Still not sure yet on my passport but the wife and Julie both have theirs.


----------



## New Golden Mom

Rufus and I (oh yeah and my husband) will be there Saturday and Sunday. We're entered in Rally O.


----------



## sterregold

Looking forward to seeing everyone! Since I'm the chair I will be at the WC, and I will also be showing in conformation on Saturday and Sunday.


----------



## The_Artful_Dodger

New Golden Mom said:


> Rufus and I (oh yeah and my husband) will be there Saturday and Sunday. We're entered in Rally O.


I sent in a form to sign Dodger up for Rally-O too! (hoping the form gets to where its supposed to go and I filled it out correctly or I will be so dissappointed).
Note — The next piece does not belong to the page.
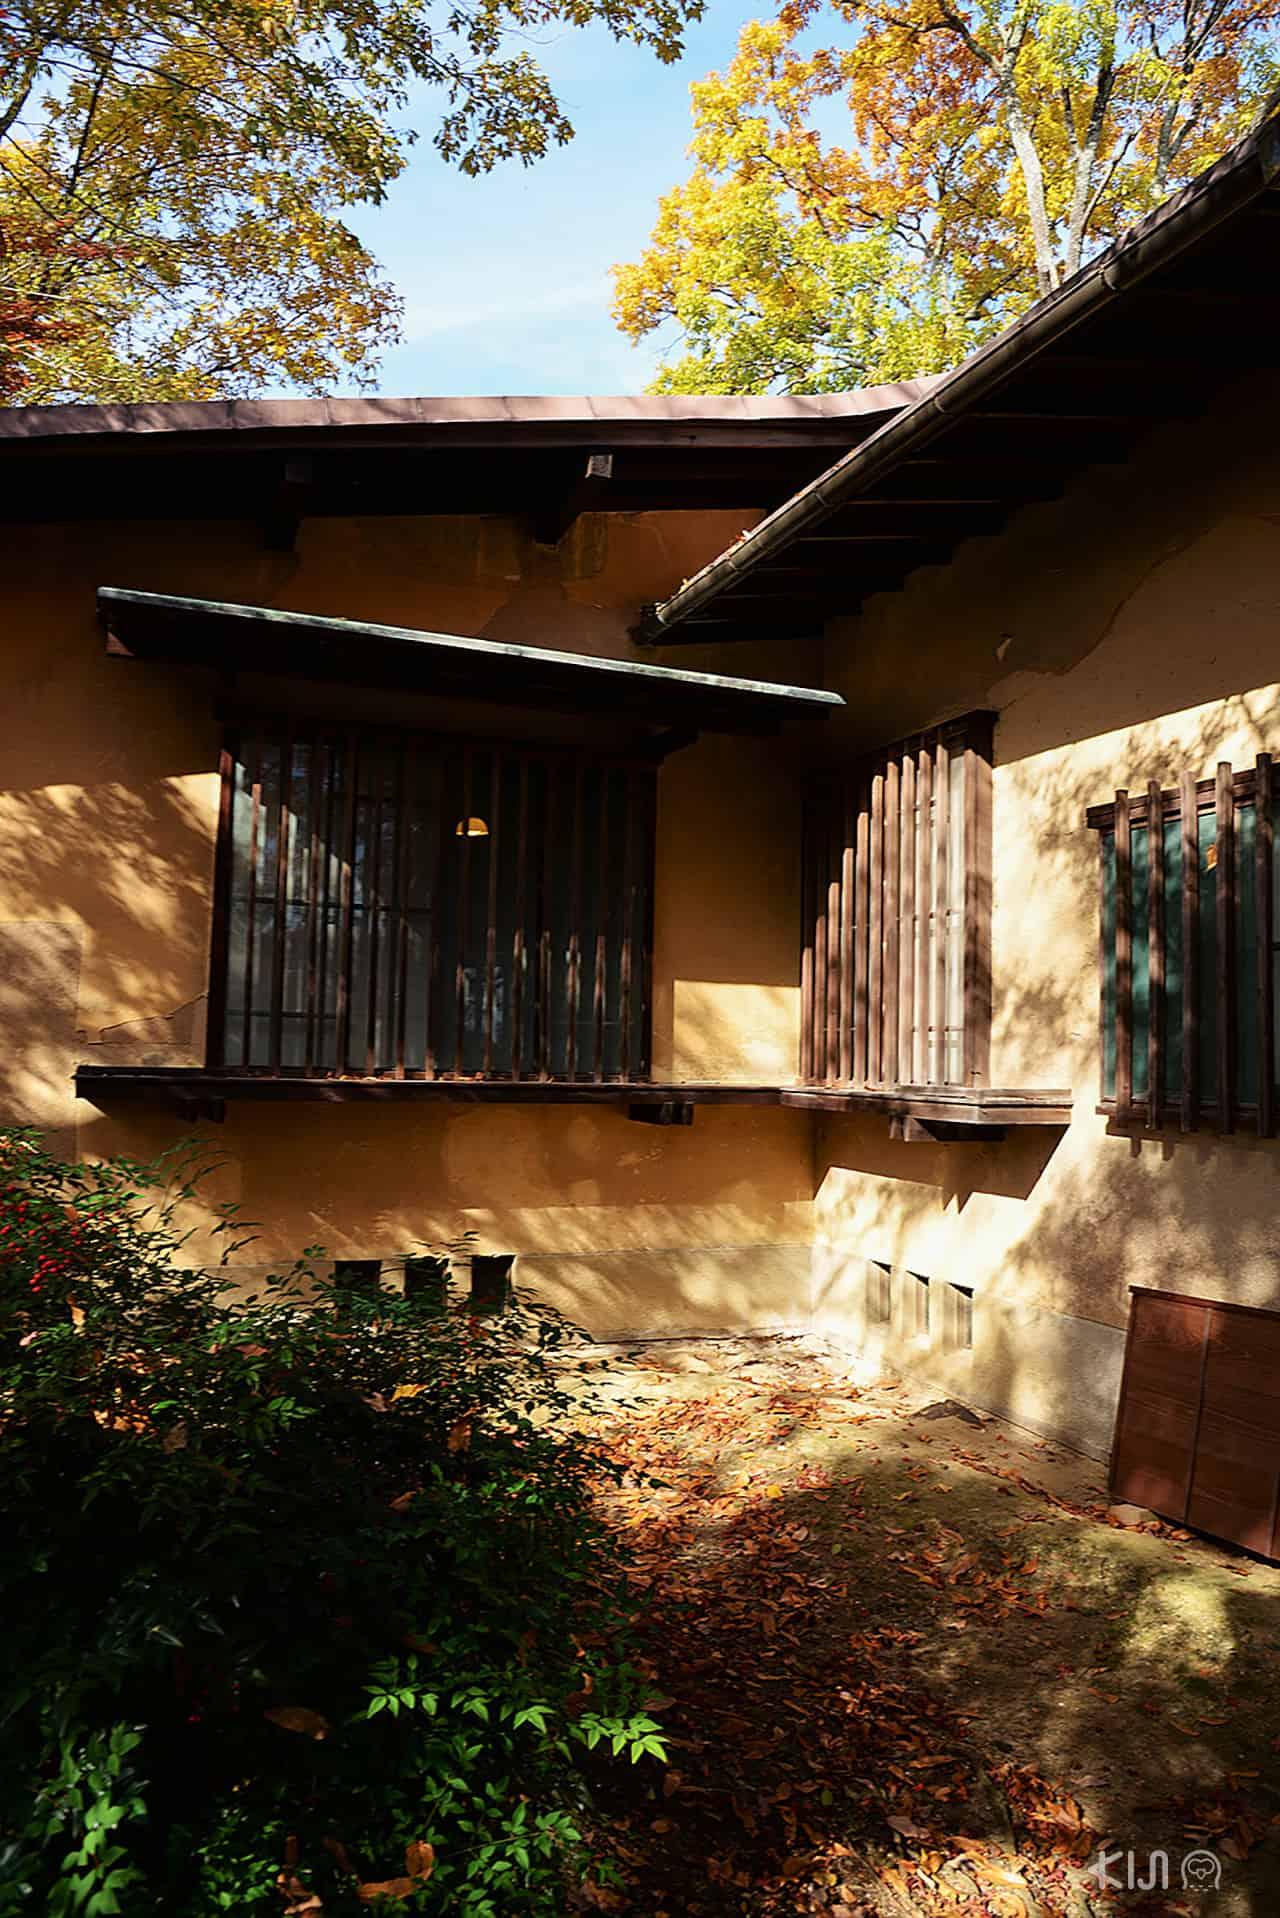 โชชิคุเคียว(Chochikukyo) มีการวางแนวบ้านให้มีลักษณะขวางตะวัน เพื่อรับแสงแดดพร้อมความอบอุ่นจากอากาศเย็น

It'll be his first time competing. It will also be my first time competing in any type of dog competition, so I'm a bit nervous but excited!


----------



## AmbikaGR

It appears obedience is full both days so we will not be going. I am sick over this as I have been looking forward to this for over a year.


----------



## Goldenz2

Hank,

I'm so sorry, you must be so dissapointed. 

I will be going up for a few days and would have liked to meet you.


----------



## New Golden Mom

The_Artful_Dodger said:


> I sent in a form to sign Dodger up for Rally-O too! (hoping the form gets to where its supposed to go and I filled it out correctly or I will be so dissappointed). It'll be his first time competing. It will also be my first time competing in any type of dog competition, so I'm a bit nervous but excited!


We did Rally Novice at the end of April and it was my first time too (and Rufus')...I was SO scared but he did great..he even got top mark! Enjoy yourselves!!


----------



## The_Artful_Dodger

AmbikaGR said:


> It appears obedience is full both days so we will not be going. I am sick over this as I have been looking forward to this for over a year.


That's too bad. Did you try calling? Apparently, as of a few minutes ago anyways, there is about 30 minutes of time left on the sunday for obedience/rally. Since I mailed my entry doh and they haven't even got it yet, they let me fax in a new entry to get Dodger in for rally on the Sunday.


----------



## AmbikaGR

I was on the phone 9 AM this morning with the obedience triall super. He told me Saturday's trials are full and there was some room left on Sunday. But one day of obedience is of little use so unless we get in Saturday from the wait list we will not be entering Sunday.
To top it off today when I called to give the credit card info for the agility trials to the event secretry she informed me that it was likely the Thursday trials would be canceled due to a small entry. So I informed her we did not want the Friday entries if the Thursday trials are canceled. 
We did get in to the WC but it is not worth going for just this. So it looks highly unlikely I will be making this trip that I had been planning on since last year. :no:

Very disappointing, especially for a National Specialty.


----------



## sterregold

I'm sorry you've had such a run of bad luck with the Specialty Hank! Unfortunately it seems CKC agility is in trouble. More and more clubs are experiencing very low entries. And being on the weekday dates has not helped. We could not get Saturday and Sunday as another club has their trial that weekend.
Just one thing for you to consider with Thursday--the WC test is about 20 minutes away from the main show site, so to do it and agility on Thursday would mean a lot of running back and forth, and potentially missing call times at agility.


----------



## esSJay

Bumping this up as it's just over a week away. 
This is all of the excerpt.